Doxorubicin (DOX) is a widely used antineoplastic drug whose efficacy is limited by its cardiotoxicity. The aim of this study was to investigate the possible protective role of the antidiabetic drugs metformin (250 mg/kg dissolved in DW p.o. for seven days) and sitagliptin (10 mg/kg dissolved in DW p.o. for seven days) in a model of DOX-induced (single dose 15 mg/kg i.p. at the fifth day) cardiotoxicity in rats.
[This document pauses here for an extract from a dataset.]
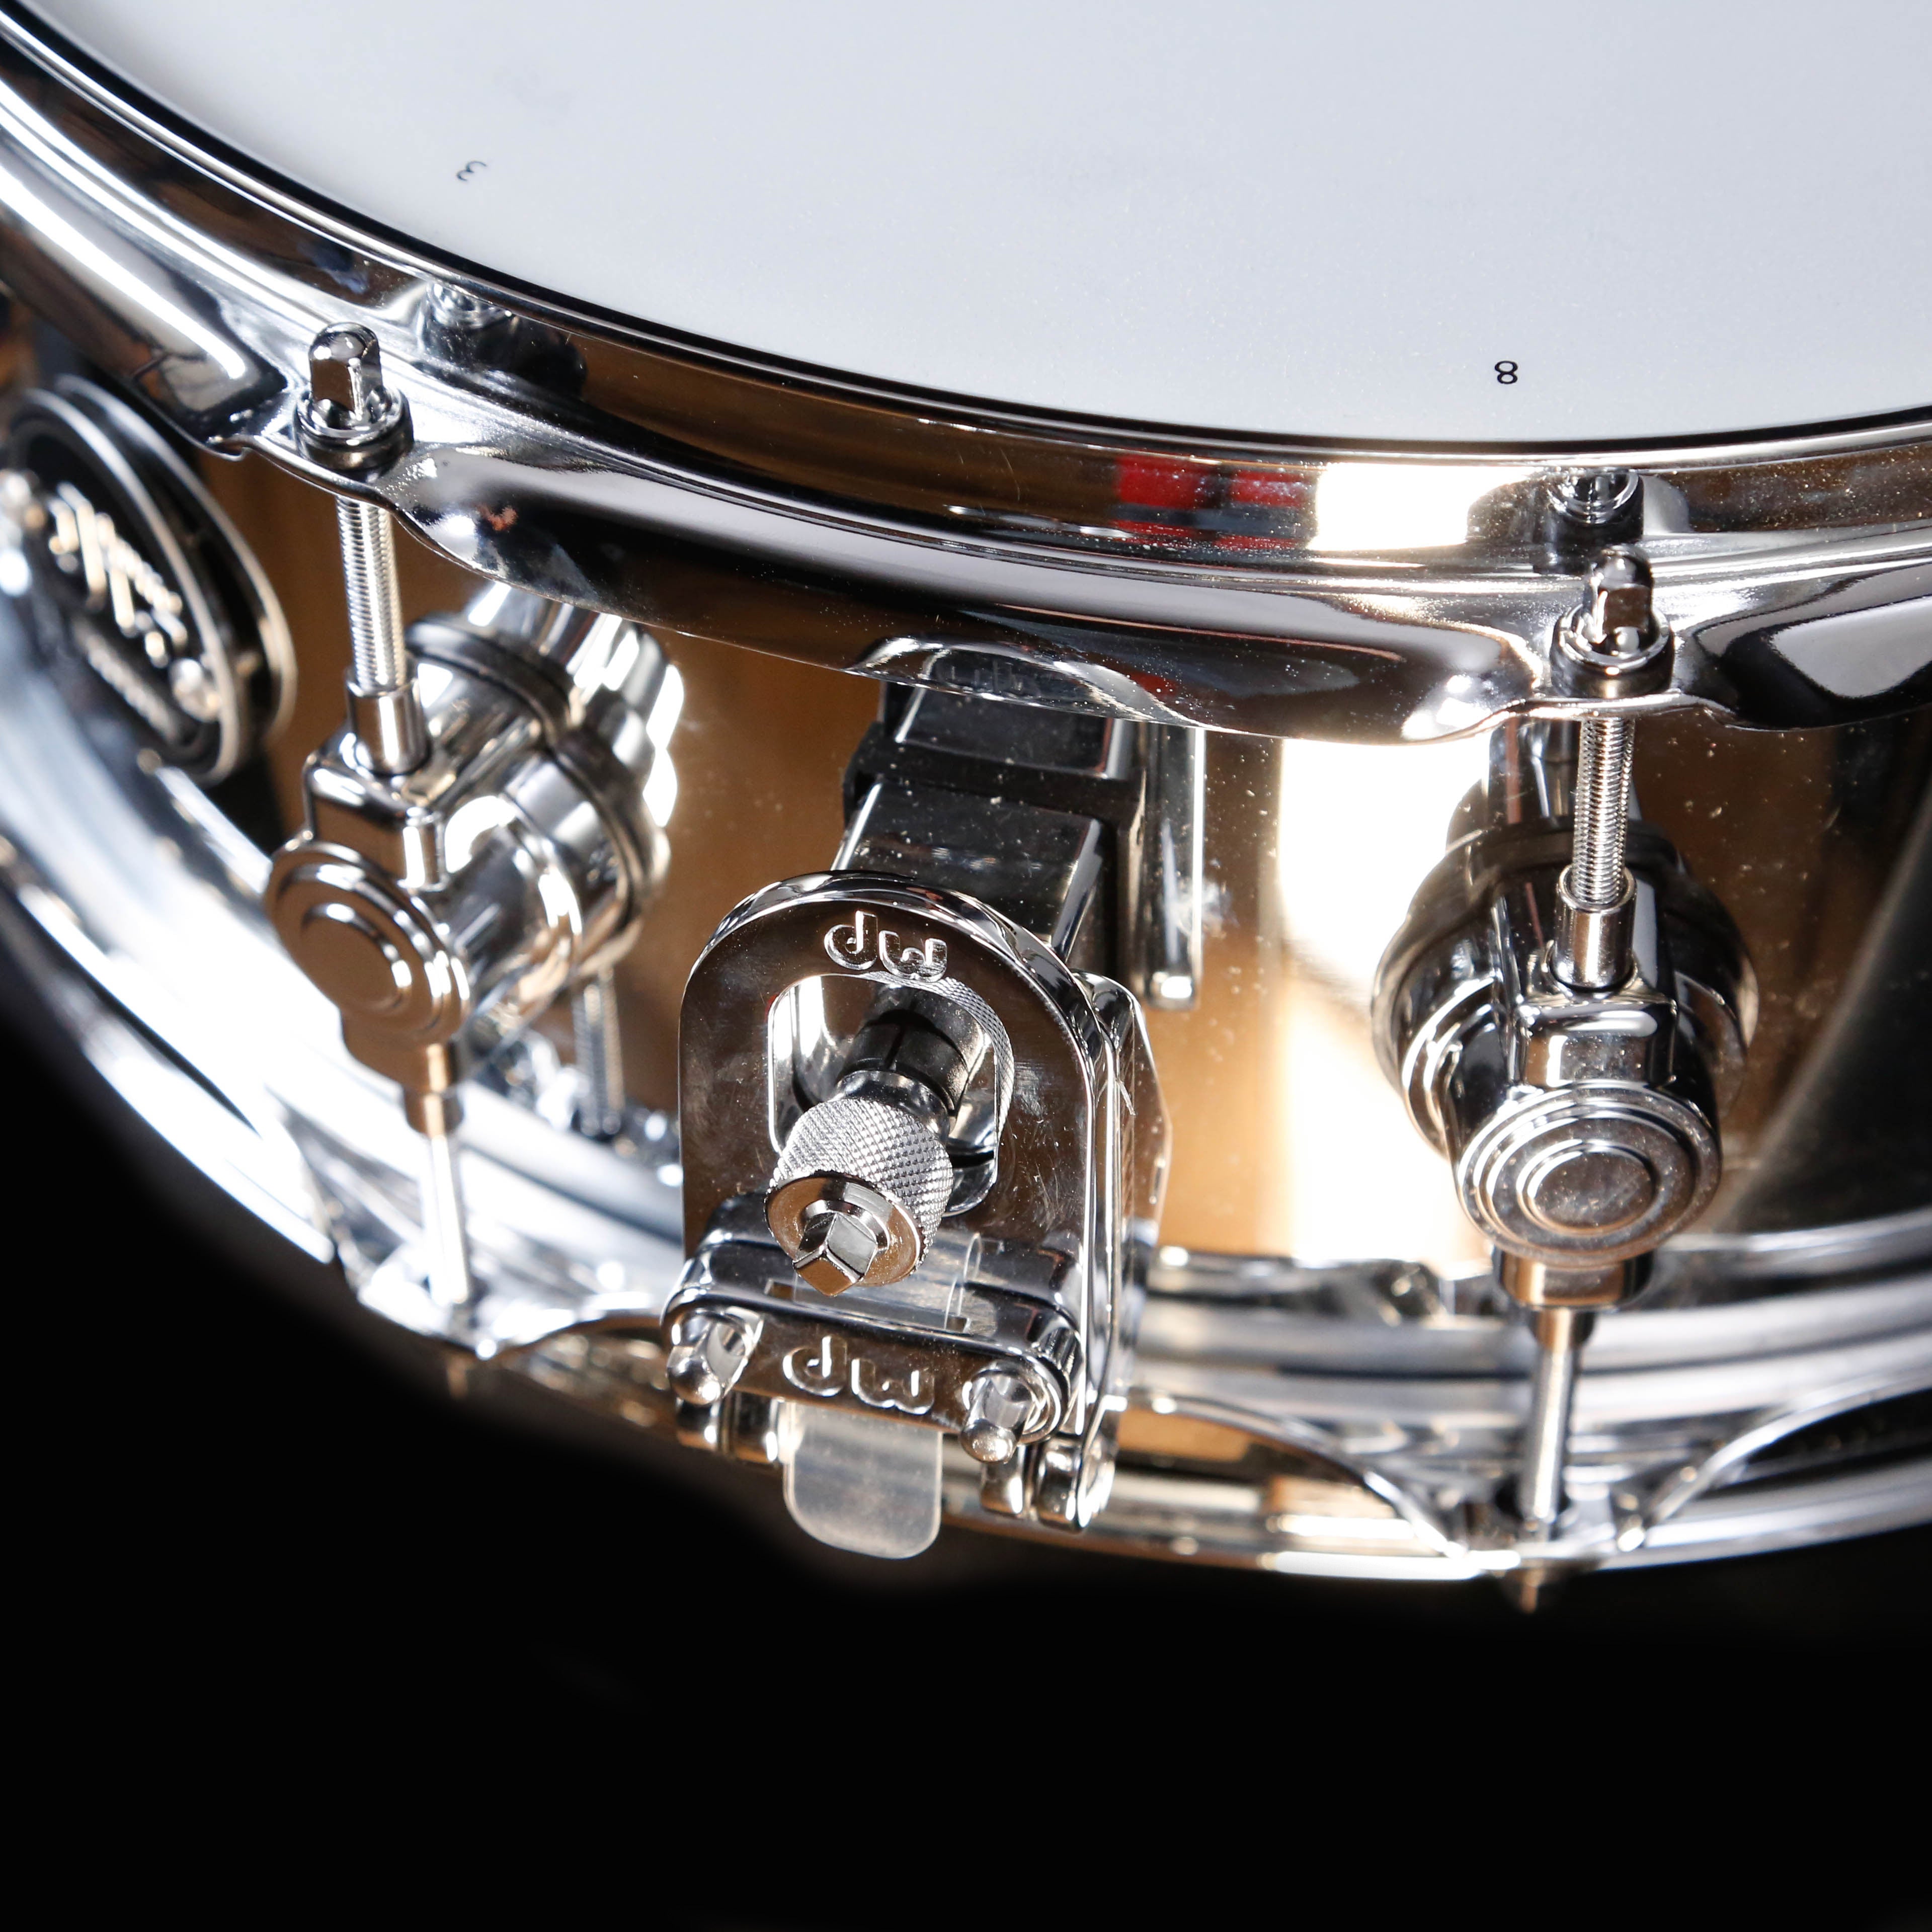 DW Performance Series Steel Snare, 5.5'' x 14''

Results of our study revealed that pretreatment with metformin or sitagliptin produced significant (P<0.05) cardiac protection manifested by a significant decrease in serum levels of LDH and CK-MB enzymes and cardiac MDA and total nitrites and nitrates levels, a significant increase in cardiac SOD activity, and remarkable improvement in the histopathological features as well as a significant reduction in the immunohistochemical expression of COX-2, iNOS, and caspase-3 enzymes as compared to DOX group. These results may suggest using metformin and/or sitagliptin as preferable drugs for diabetic patients suffering from cancer and receiving DOX in their chemotherapy regimen.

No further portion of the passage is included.